Series of graph and tree algorithms coded in C++. Throughout this file, |V| will denote the amount of vertex of the graph and |E| the amount of edges.
This is a search algorithm for graphs (directed or undirected). Applicability: None. As it name suggests, given an initial vertex it explores the first path it encounters in full depth before moving to the next. This is the opposite of what BFS does. Complexity: O(|V|+|E|), each edges is visited only once.
This is again a search algorithm for graphs (directed or undirected). Applicability: None. Given an initial vertex, the algorithm explores the different paths from it in a layered search, that is it starts all possible paths and updates each path sequentially, in layers. Complexity: O(|V|+|E|), each edges is visited only once.

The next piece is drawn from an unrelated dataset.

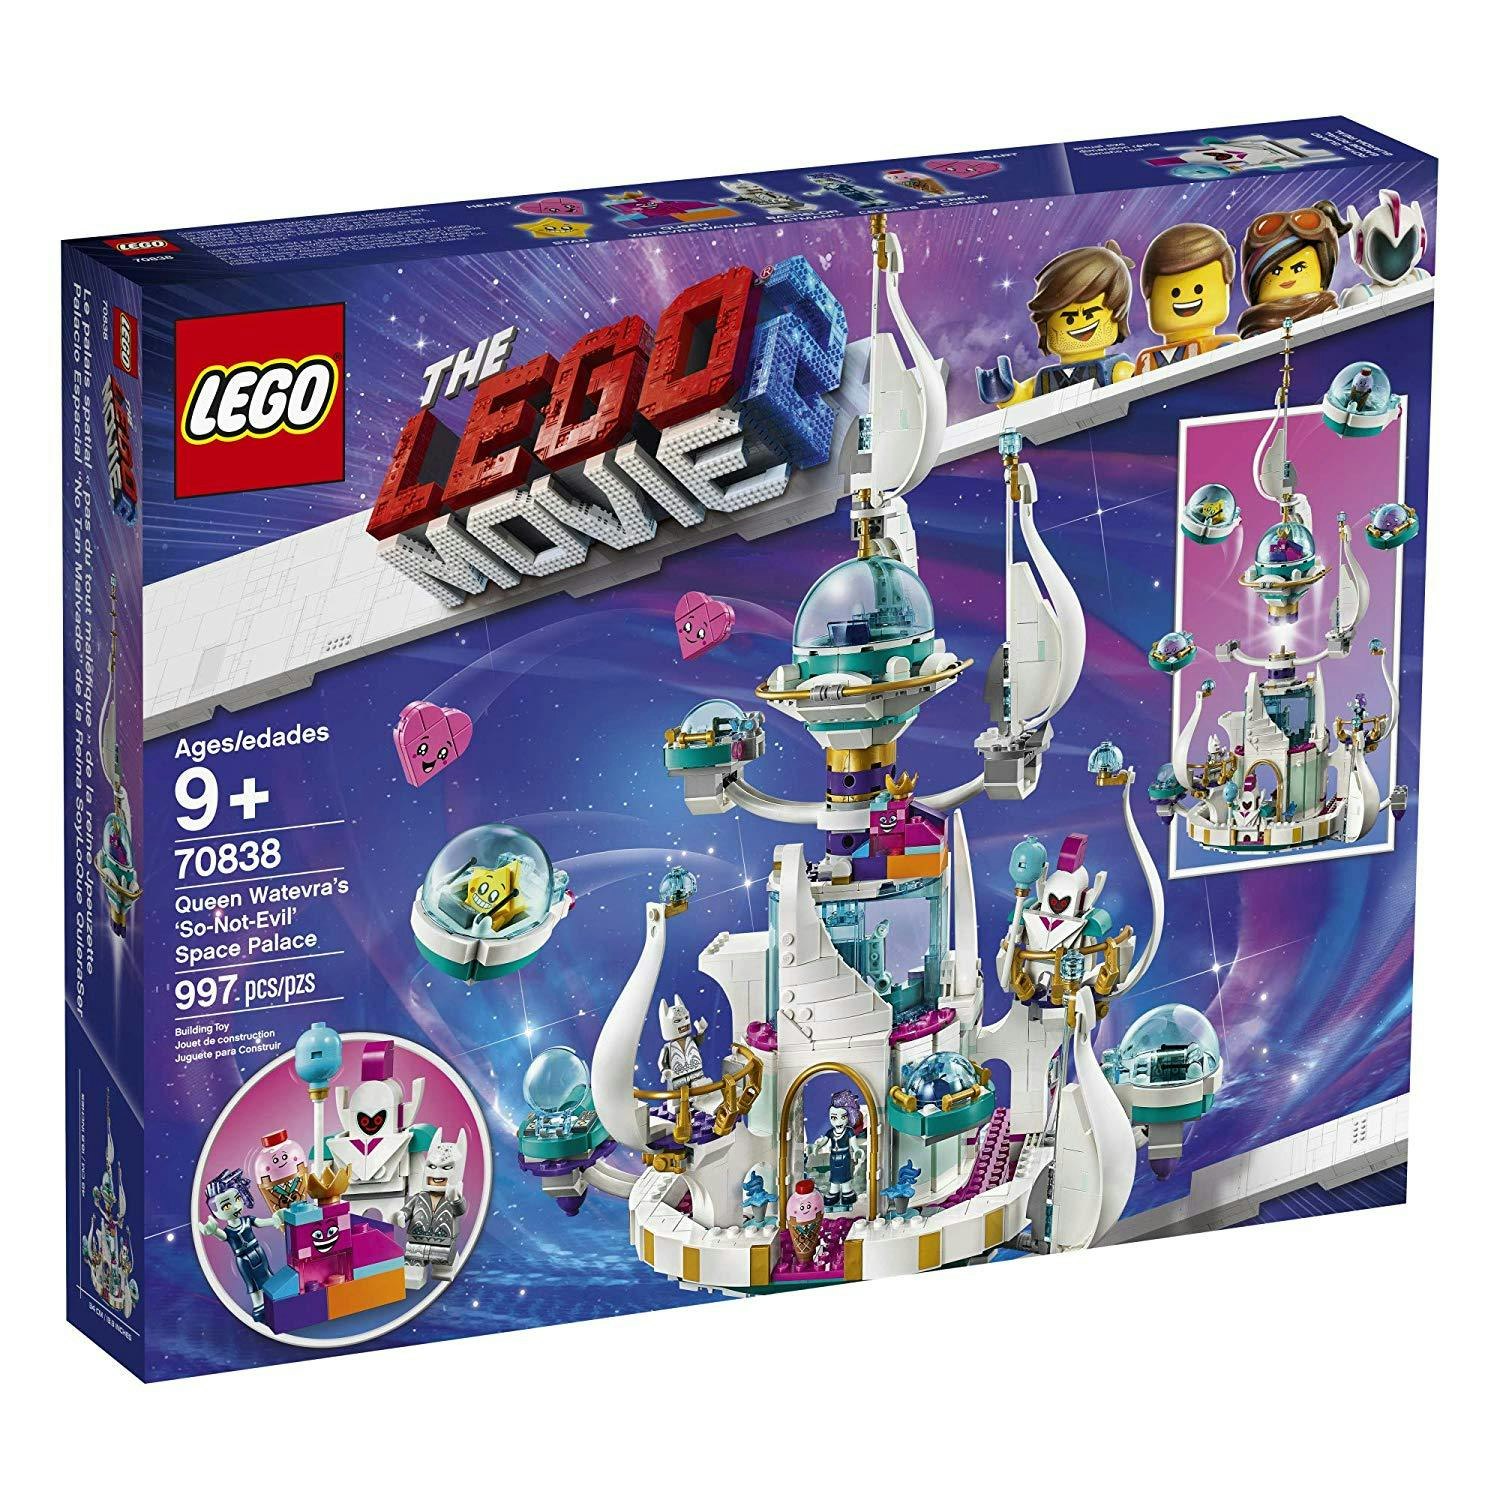 NEW LEGO THE LEGO MOVIE 2 70838 QUEEN WHATEVRA'S 'SO-NOT-EVIL' SPACE PALACE

This is an algorithm to find the path from a source to a given destination with minimum cost, easily adaptable for maximum cost. Applicability: all edges capacities have to be positive. It is again based on a heuristic approach to construct the shortest path by updating the path with the lightest edge every time. This works as the edge capacities are all positive, it is impossible to do better by passing through a heavier edge. Complexity: O(|E|·log|V|) as a priority queue is used to select the lightest edge at every iteration.
This is an algorithm to find shortest path with edge capacities being integer, not necessarily positive. Applicability: there should be no negative cycles in the graph. It is ia constructive algorithm, at each iteration we find the first i steps of the shortest path. As it can have at most |V|-1 edges, we will have found it in those iterations. Complexity: O(|V|·|E|), as we go through all edges |V|-1 times.

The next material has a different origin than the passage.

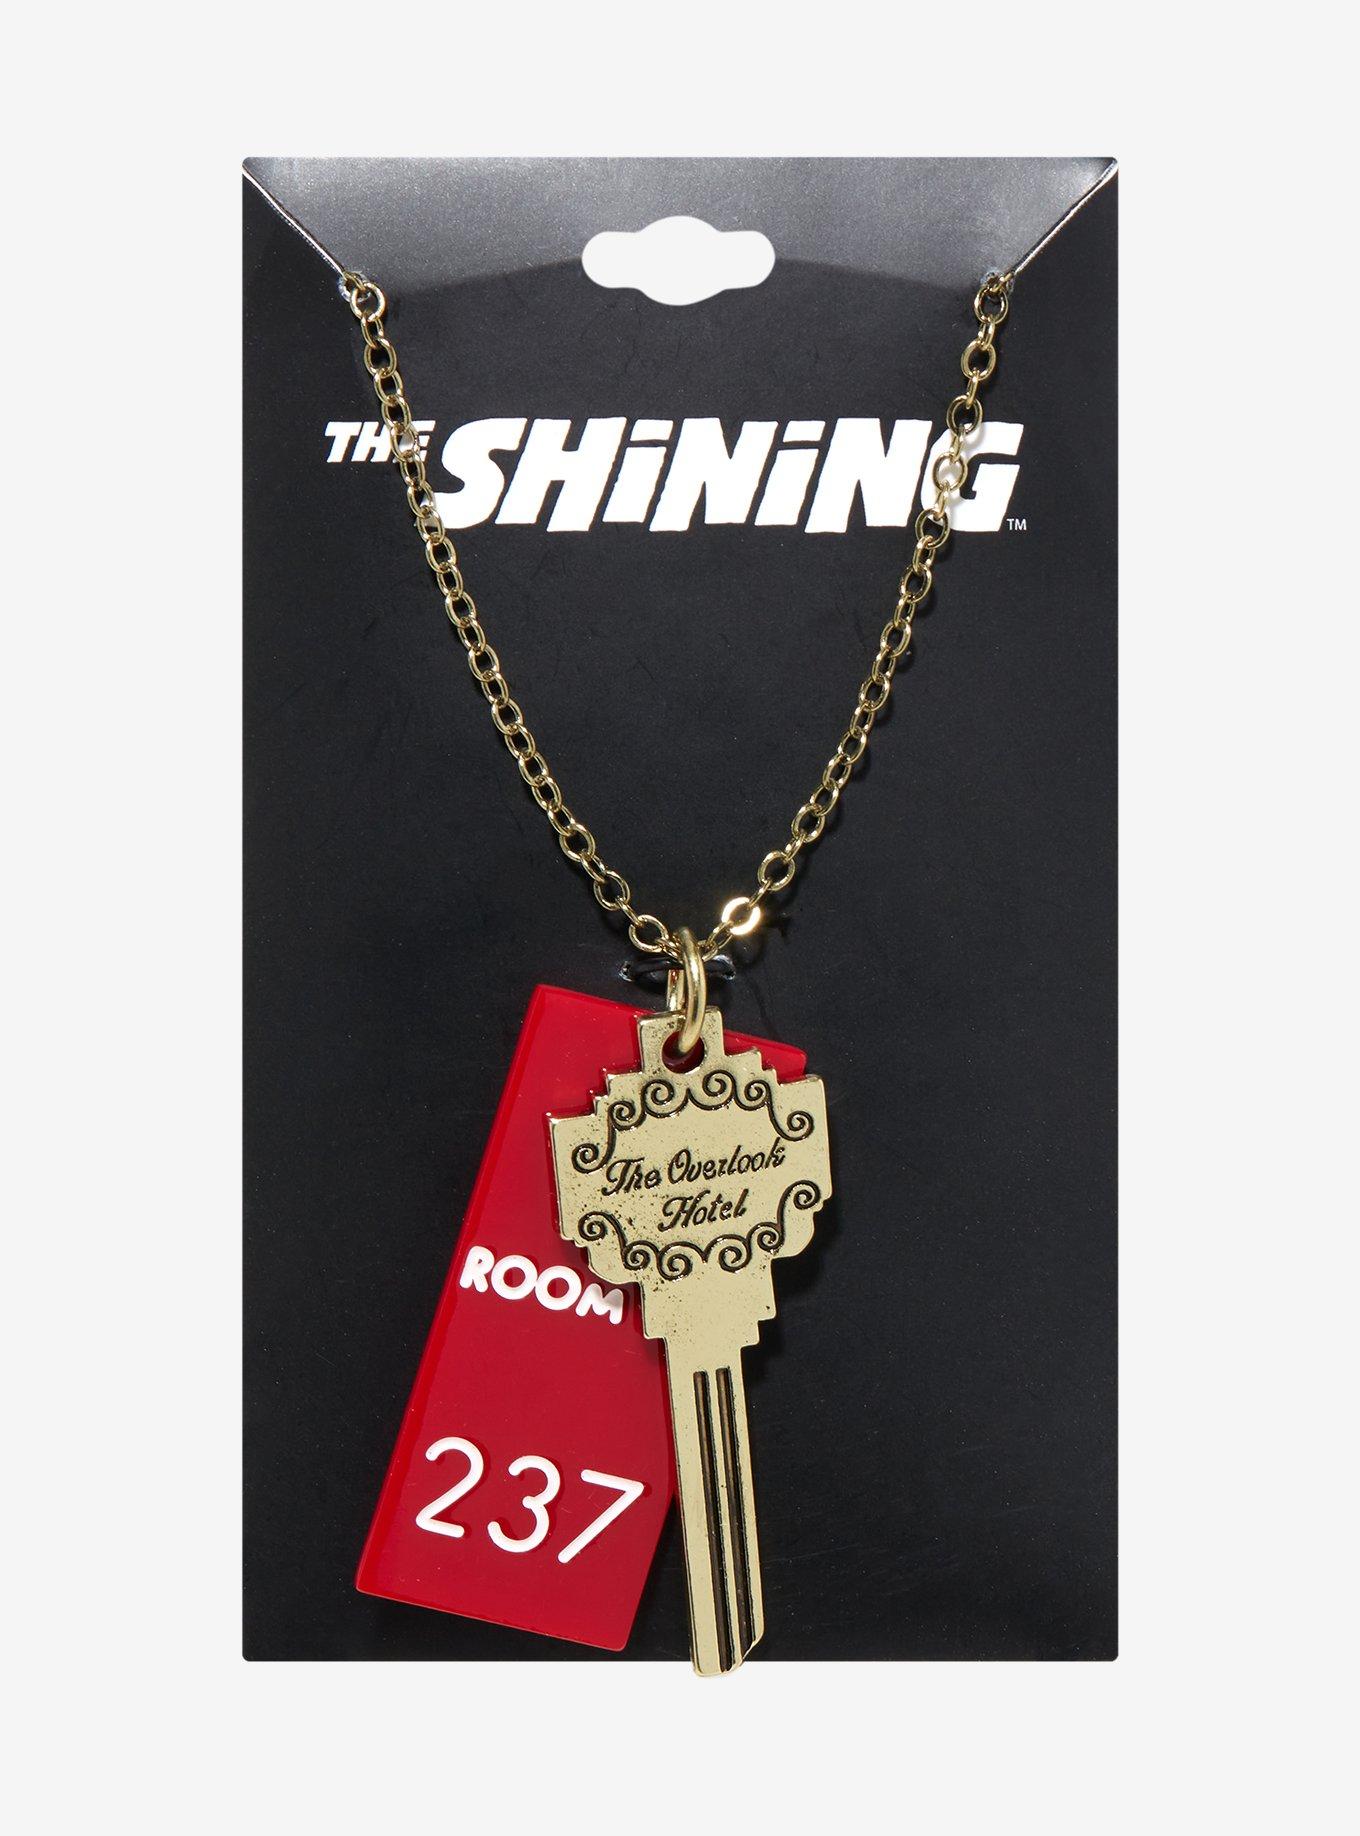 The Shining Overlook Hotel Key Necklace

Given an directed acyclic graph (DAG), this algorithm finds an order of vertices to traverse it without going back on vertices, passing by all of them exactly once. Applicability: Graph must be a DAG. Complexity: O(|V|+|E|), as we use DFS and information on the order of traversal to obtain our topological sort.
A strongly connected component is a subgraph where for any pair of vertices there exists a path between them. The goal of the algorithm is to find the amount of SCC, as well as their composition. Applicability: None. We wish to find a sink SCC, that is one from which a DFS algorithm would reveal exactly the vertices from the SCC. To do so, we find a source SCC from the reverse graph, which is a sink SCC from the graph. From there, we use DFS and connected components to find the SCC one by one. Complexity: O(|V|+|E|), as we can reverse the graph in linear time, use DFS to find the sink SCC and the connected components algorithm is linear.
This is an algorithm to solve a maxflow problem, that is to maximize the amount of flow through edges whilst respecting the following constraints: -> For every vertex except the source and sink, the flow going in is equal to the flow going out. -> For every edge, the flow does not exceed its capacity. The algorithm is based on a relaxation of the problem that gets increasingly better until it reaches the optimum. It can also be used to find the mincut, which is the dual problem of the maxflow. Complexity: Depends on the implementation, the given one is O(|V|·|E|^2) as BFS is usedn to find the path with fewest edges.
This algorithm finds a Minimum spanning tree from a weighted directed graph, that is a generating tree that minimizes the sum of weights of its edges. It does so by selecting at each iteration the lightest edge possible to add while preserving the tree property, thus allowing the weight to be minimal at every iteration of the tree we are building. Applicability: None. Complexity: O(|E|log|V|), as we create a priority queue to select the lightest edge and in the worst case all edges are inside, thus having |E| insertions on a queue of |E| elements. Therefore having complexity O(|E|log|E|) that simplifies to O(|E|log|V|) as |E|<=|V|^2.
This algorithm returns whether the given directed graph has a cycle or not. It does so by performing a dfs and checking if the node that is being visited has been visited once before or not. Applicability: None. Complexity: O(|V|+|E|) for the dfs.